Św. Paweł nalega w Liście do Kolosan: „Nie kłamcie jedni wobec drugich, boście zwlekli z siebie starego człowieka z uczynkami jego, a przeoblekli się w nowego, który wciąż się odnawia ku doskonałemu poznaniu na wzór Tego, który go stworzył. [W tym odnowieniu] nie masz poganina ani żyda, obrzezanego czy nieobrzezanego, barbarzyńcy i Scyty, wolnego i niewolnika, ale wszystko i we wszystkim Chrystus" (Kol 3,9-11). Człowiek wewnętrzny odnawia się nieustannie na obraz Boga, który się nie starzeje. Życie Boże jest ponad przeszłością, teraźniejszością i przyszłością; mierzy się ono jedyną chwilą niezmiennej wieczności. Podobnie Chrystus zmartwychwstały już więcej nie umiera i trwa w wiekuistej młodości; ożywia On nas przez łaski ciągle nowe, aby nas do siebie upodobnić. Św. Paweł pisze także do Efezjan: Z tej to przyczyny zginam kolana przed Ojcem Pana naszego Jezusa Chrystusa... aby dał wam według bogactw chwały swojej... za sprawą Ducha Jego wzmocnić się potężnie w wewnętrznego człowieka, tak aby przez wiarę Chrystus zamieszkał w sercach waszych. A wy umocnieni i ugruntowani w miłości, abyście wraz ze wszystkimi świętymi pojąć mogli, jak ona jest rozległa i daleka, wzniosła i głęboka, abyście też mogli poznać, jak miłość Chrystusa przewyższa wszelką wiedzę i [w ten sposób] byli napełnieni całą pełnością Bożą" (Ef 3,14-19).

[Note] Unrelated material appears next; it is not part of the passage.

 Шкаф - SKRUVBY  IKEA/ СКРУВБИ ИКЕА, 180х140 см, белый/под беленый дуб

Oto życie wewnętrzne w jego głębi, życie dążące stale ku kontemplacji tajemnicy Boga i karmiące się nią w coraz bliższym z Nim zjednoczeniu. A słowa te są przeznaczone nie tylko dla dusz uprzywilejowanych, ale dla wszystkich chrześcijan Efezu i Koryntu. Św. Paweł dodaje jeszcze: „Odnówcie się tedy duchem umysłu waszego i obleczcie się w nowego człowieka, który według Boga stworzony jest w sprawiedliwości i w świętości prawdy" (Ef 4,23-24). I postępujcie w miłości, jako i Chrystus umiłował nas i wydał samego siebie za nas na dar i na ofiarę, nawonność wdzięczności" (Ef 5,2).

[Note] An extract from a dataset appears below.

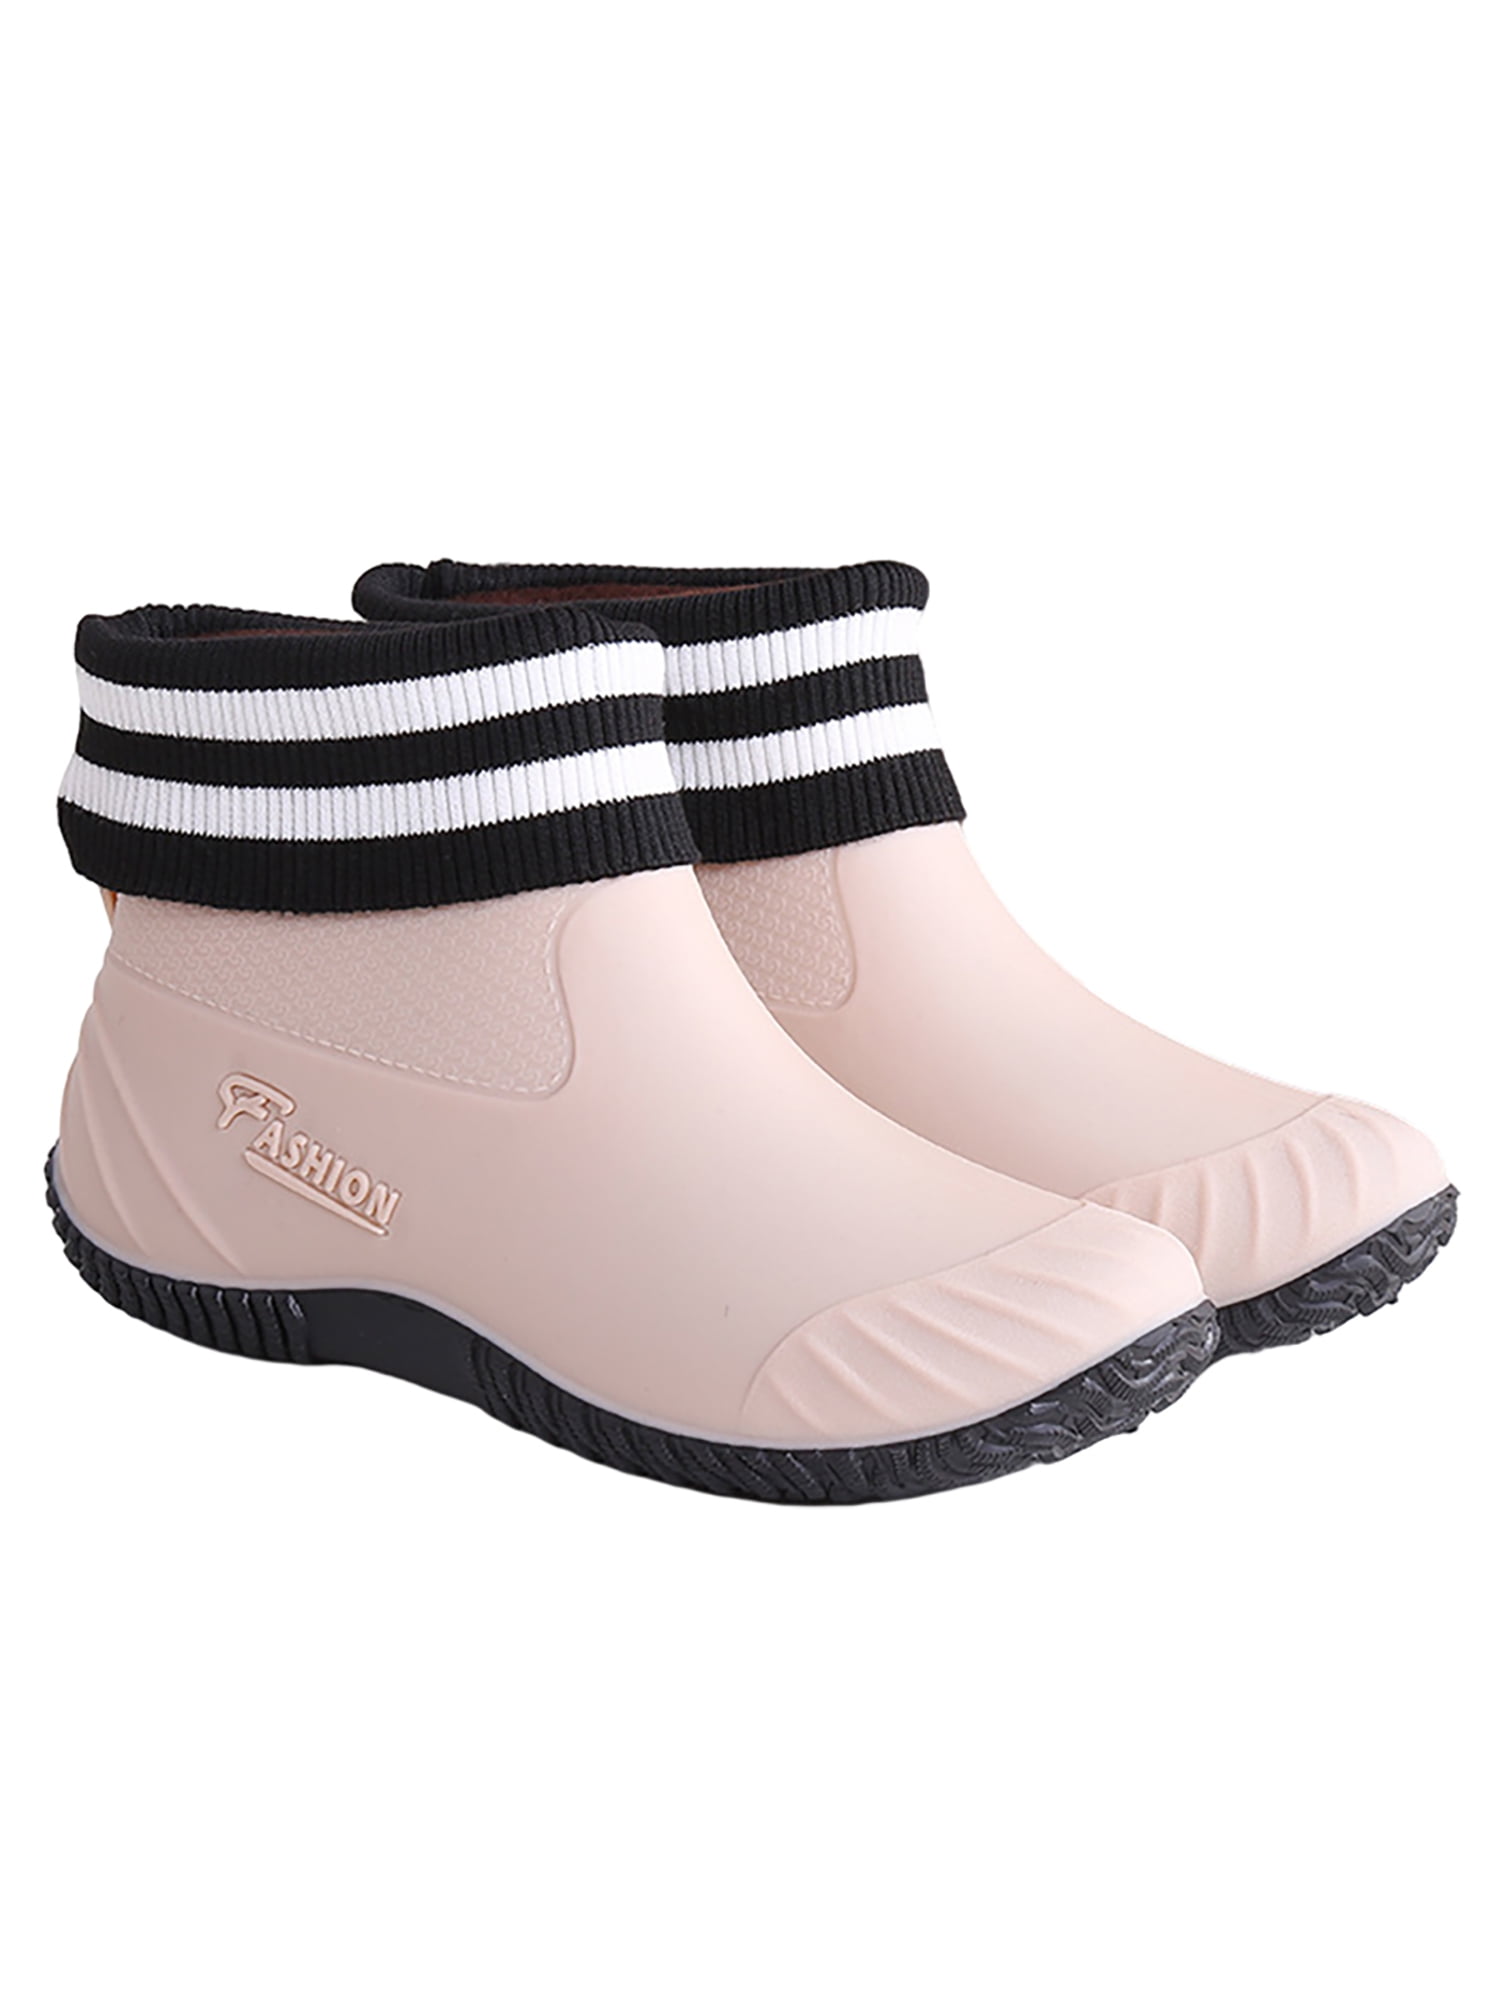 SIMANLAN Women's Ankle Rain Boots Waterproof Garden Shoes Anti-Slip Rain  Shoes Rubber Sole Deck Boots Size 5-7.5 Black-2 7.5

W świetle tych słów natchnionych, które przypominają wszystko, co Jezus głosząc błogosławieństwa nam obiecał, i wszystko, co dał nam umierając za nas, możemy zdefiniować życie wewnętrzne:
Jest to życie nadprzyrodzone, które przez prawdziwego ducha wyrzeczenia i modlitwy sprawia, że dążymy do zjednoczenia z Bogiem, oraz prowadzi nas do tego. Zawiera ono w sobie jeden okres, w którym przeważa oczyszczenie, i inny - stopniowego oświecenia w celu zjednoczenia z Bogiem, jak uczy cała Tradycja,która odróżnia drogę oczyszczenia początkujących, drogę oświecenia postępujących i drogę zjednoczenia doskonałych.

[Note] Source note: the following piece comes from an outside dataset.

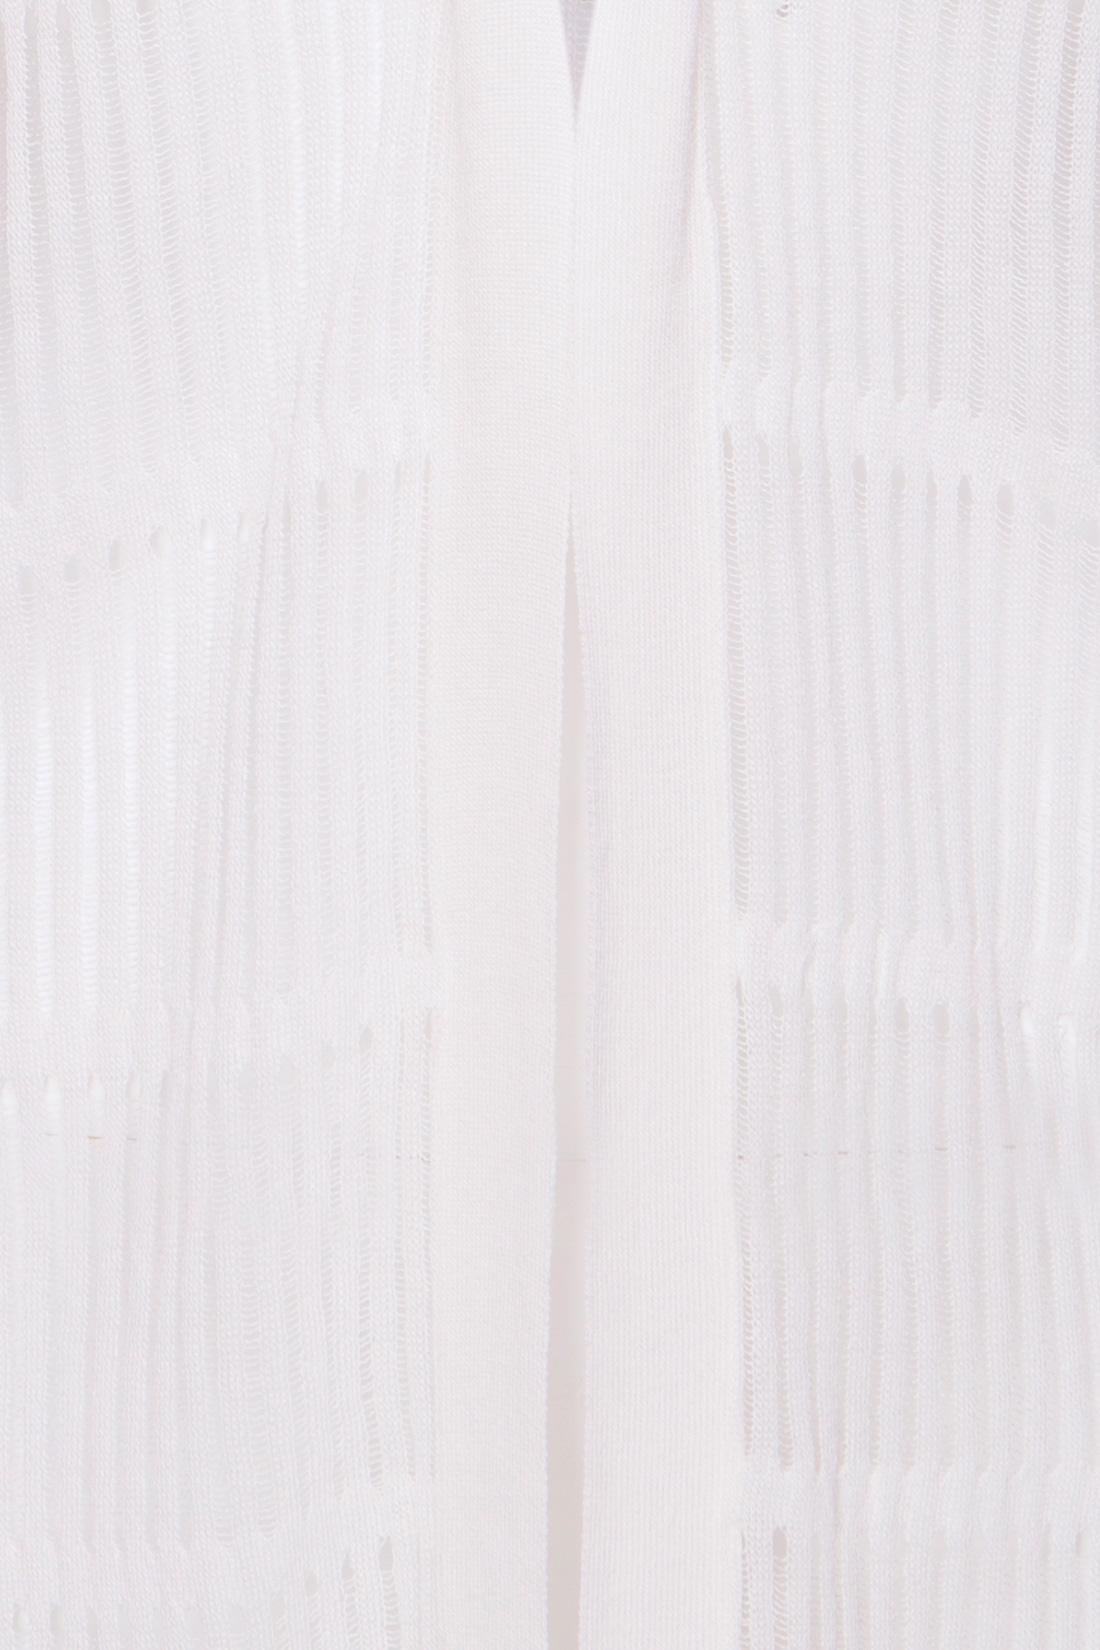 Кардиган с ажурным узором (арт. baon B147011), размер XXL, цвет белый Кардиган с ажурным узором (арт. baon B147011) - фото 3

Życie wewnętrzne staje się tym sposobem coraz bardziej obcowaniem z Bogiem, w którym człowiek wyzwala się stopniowo z egoizmu, zmysłowości, pychy, i w którym przez częstą modlitwę prosi Pana o potrzebne mu ciągle nowe łaski.Tak więc człowiek zaczyna poznawać doświadczalnie nie tylko niższą sferę duszy, ale i najwyższą. Przede wszystkim zaczyna poznawać Boga w sposób żywotny; nabiera doświadczenia w rzeczach Bożych. Stopniowo myśl o swoim ja,ku któremu kierowaliśmy wszystko, ustępuje myśli habitualnej o Bogu. I podobnie miłość egoistyczna siebie samych i tego, co w nas najmniej wartościowe, stopniowo ustępuje miłości Boga i dusz w Bogu. Obcowanie wewnętrzne przemienia się do tego stopnia, że św. Paweł mógł powiedzieć: „ Nostra autem conversatio in caelis est - Ale co do nas, to my przebywamy w niebiesiech, skąd też Zbawiciela oczekujemy" (Flp 3,20). Św. Tomasz często zwraca uwagę na tę sprawę.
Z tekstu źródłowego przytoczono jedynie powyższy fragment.